5. MOST ALLURING BAD-WEATHER BEACON
Frank Gehry’s IAC Headquarters
Until this year, driving up the clotted West Side Highway on a rainy evening did not make you feel good about the world. But then the wrapping came off Frank Gehry’s headquarters for InterActiveCorp. The folded forms seem to liquefy in the humid air and dissipate into droplets. But only in wretched weather: In bright light, it loses most of that mystery. Should IAC ever move on, the building could be another 2 Columbus Circle: an awkward white folly looking for a use.

6. BEST NEW PREWAR
15 Central Park West
The next time you feel awash in disposable junk, take a walk past 15 Central Park West. The lobby’s luscious agate-colored marble and English oak whisper of high ceilings and appliances that could double as SUVs. Architect Robert A.M. Stern offers those who built their fortunes on intangibles—hedge funds, software, music—a way to inhabit a building with the solidity of a railroad magnate’s palazzo. Stern does not claim to be an architect of great originality; instead, he has built the best knockoff money can buy.

The Glass HousePhoto: Dean Kaufman

7. BEST MONUMENT TO MODERNISM
Philip Johnson’s Glass House
Philip Johnson built himself this impeccable box in 1949 in New Canaan, Connecticut, and populated it with articulate guests. Now, the National Trust for Historic Preservation has opened the house to the public.
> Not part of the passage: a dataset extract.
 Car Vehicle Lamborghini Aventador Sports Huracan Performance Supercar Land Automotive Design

It’s a revelation to those who know it from photos: From within, the structure almost vanishes. Being there also answers those but-where-do-you questions. The answer is: in the cylindrical bathroom, or in the Brick House across the lawn.
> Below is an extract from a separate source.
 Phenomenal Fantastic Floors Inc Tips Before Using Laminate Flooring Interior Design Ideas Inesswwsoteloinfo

8. BEST CRITICAL REAPPRAISAL
Bob and Jane, Again
Robert Moses and Jane Jacobs represent irreconcilable visions of urbanism, and praising one meant demonizing the other—until a pair of exhibits replaced caricatures with nuance. A three-part extravaganza at the Museum of the City of New York, Columbia University, and the Queens Museum made a case that Moses’s damage (the Cross Bronx Expressway) was inseparable from the good he did (the Cross Bronx Expressway again: Those cars coming off the George Washington Bridge have to go somewhere). Now the Municipal Art Society has mounted a modest exhibit exhorting New Yorkers to observe the city as closely as Jacobs did. Even Moses wouldn’t scoff.

9. BEST NEW INTERIOR
Tiffany & Co. on Wall Street
Tiffany returned to its downtown roots with a new store at 37 Wall, the former headquarters of the Trust Company of America. To preserve the landmark—and to make sure the sparkly wares aren’t overwhelmed—designer George Yabu carved the space up with glass partitions and an almost immaterial staircase. The resultant store seems to float inside the space, one era’s luxe paying homage to the last.

10. BEST STREET FURNITURE
The New Bus Shelters
A year ago, when the city announced a deal with the Spanish company Cemusa to outfit New York’s sidewalks with new bus shelters, newsstands, and public toilets, the jeers came in various forms: too expensive, never gonna happen, too much advertising. Those toilets are reportedly on the way, but in the meantime, new bus shelters are filtering into view. Slender steel frames support glass walls (only one of which bears an ad, as before) and a canopy. The structure is nearly invisible yet easy to spot: The name of the stop glows in type readable from half a block away.

Photo: Iwan Baan

Debut
Herzog & de Meuron
This Swiss firm’s first New York building has our most lavish new façade. The windows at Ian Schrager’s 40 Bond are framed in bottle-green cast glass, making it look almost handblown. Out front, a riot of aluminum curls recalls the exuberance of Spanish baroque—or of New York graffiti, from which the patterns were taken.

Stinker
The Deutsche Bank Building
Everyone wants the tower at 130 Liberty Street, damaged in the 9/11 attacks, to just go away. The building sat there for three years before insurers and the city could even agree on who’d raze it. Then crews started finding toxic mold, asbestos, and bone fragments. The ruin had been shortened from 41 stories to 26 by August, when a fire broke out, killing two firefighters and halting demolition. The sawed-off hulk still sits grimly over the site, waiting to be finished off.